What the exercise asks » Give all of the data below again exactly, and drop the images.
··· Available data ···
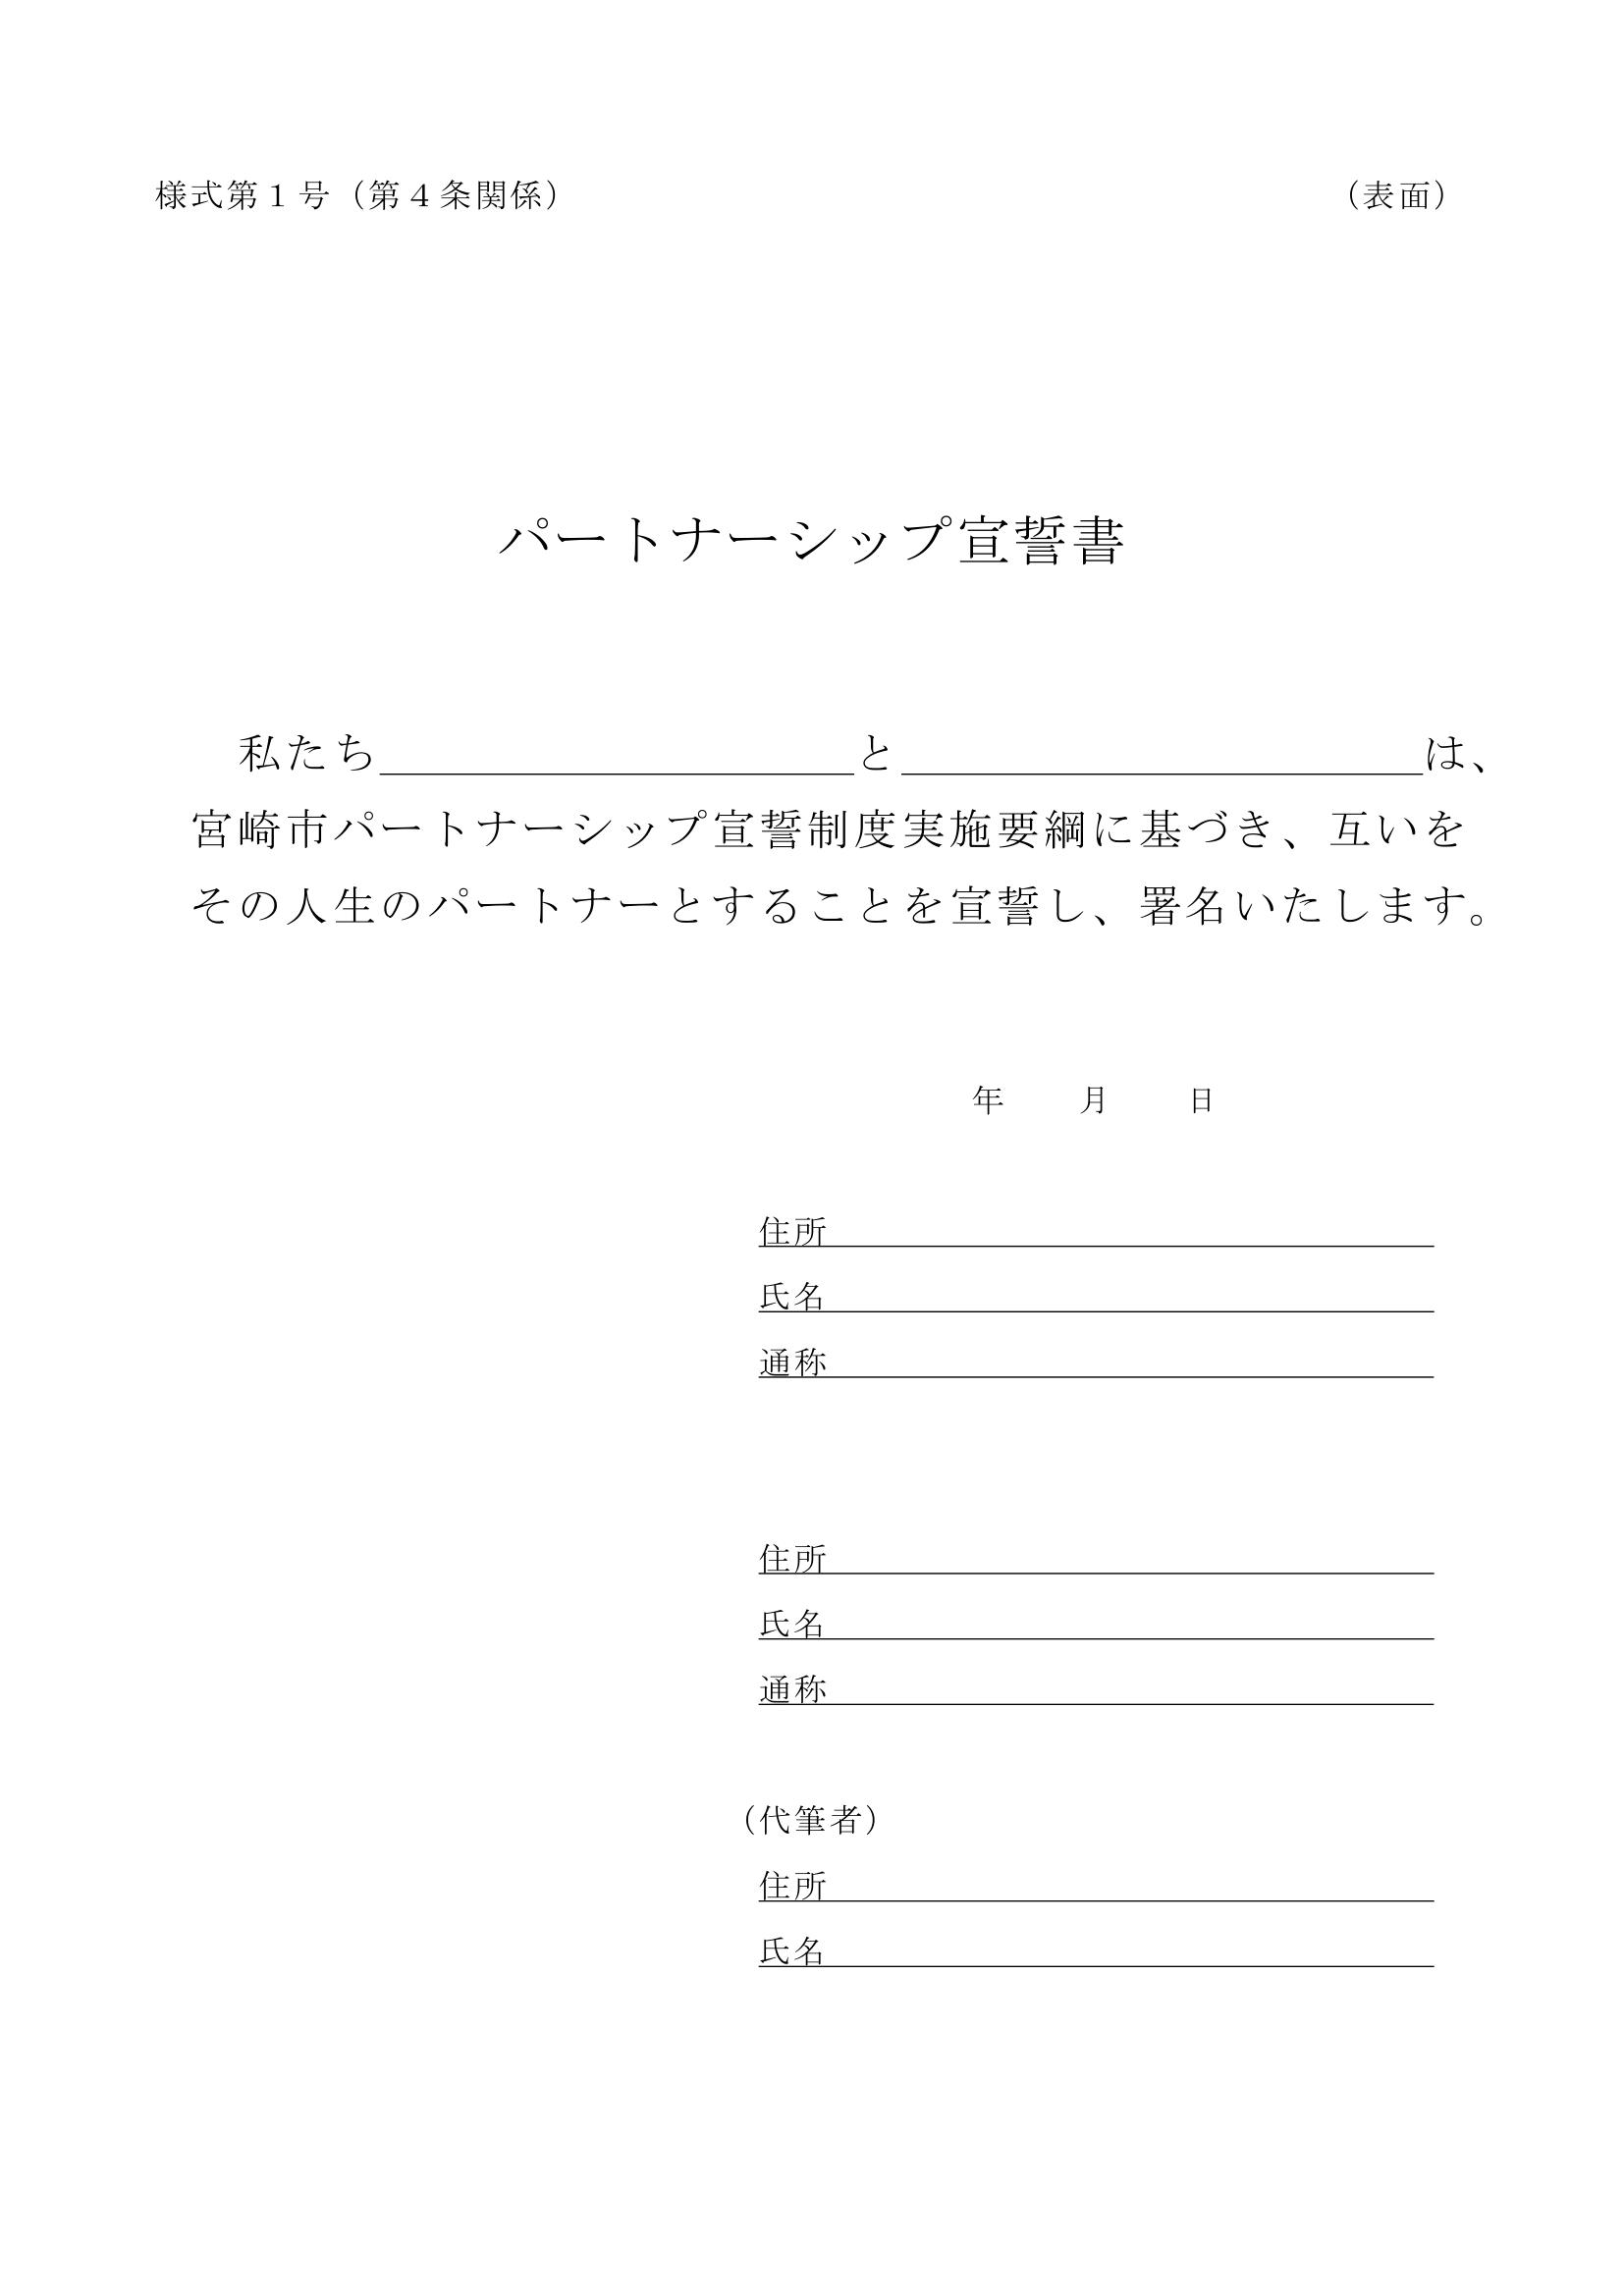 パートナーシップ制度 宮崎市
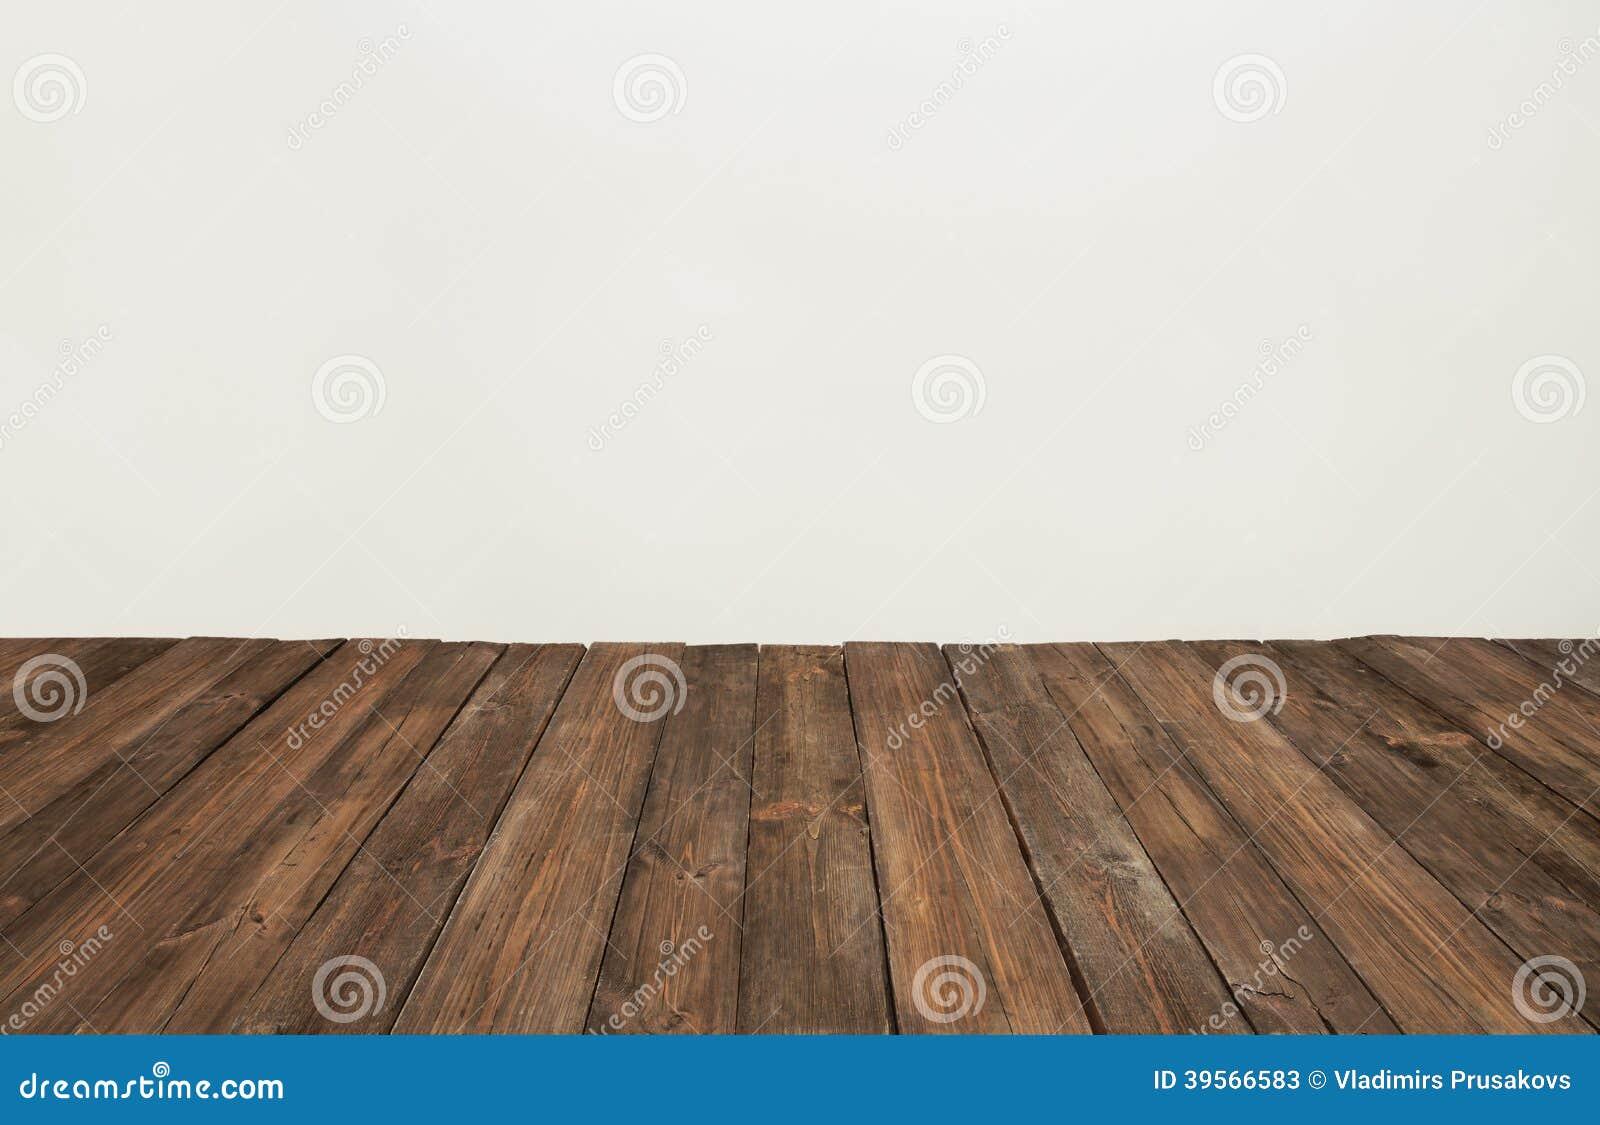 Plancher en bois vieille planche en bois int rieur brun de salle du conseil - Vieille planche bois ...
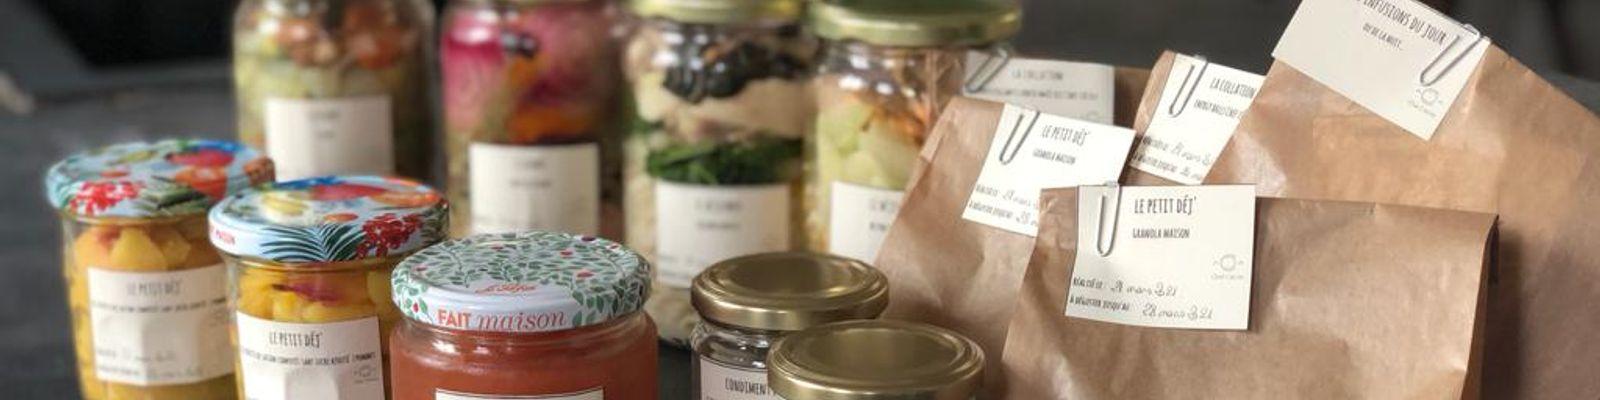 Livraison de repas post-partum, savoureux & revitalisants par Cécile
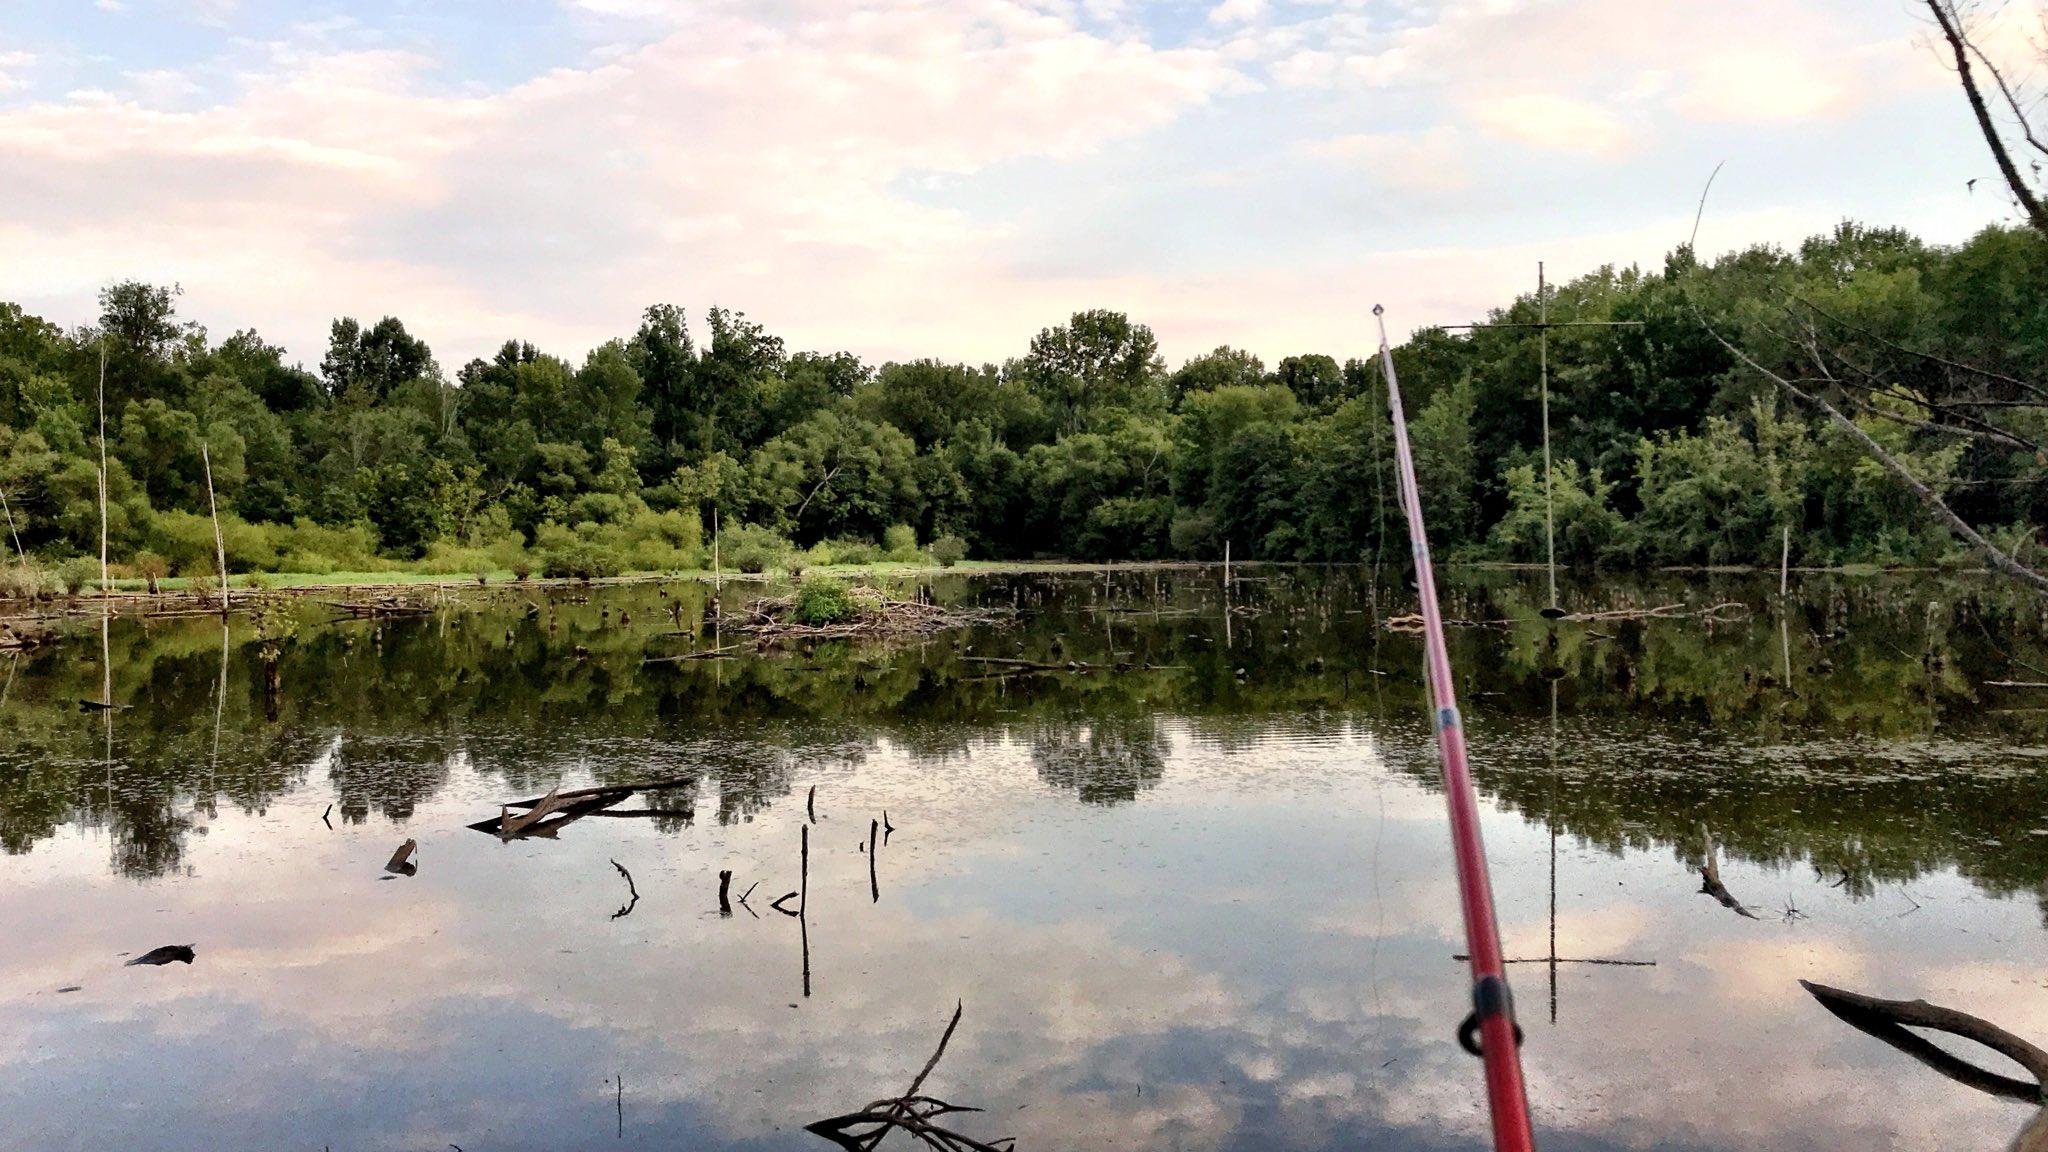 Fishing at McAlpine Creek.
···
Exercise output »
 パートナーシップ制度 宮崎市
 Plancher en bois vieille planche en bois int rieur brun de salle du conseil - Vieille planche bois ...
 Livraison de repas post-partum, savoureux & revitalisants par Cécile
 Fishing at McAlpine Creek.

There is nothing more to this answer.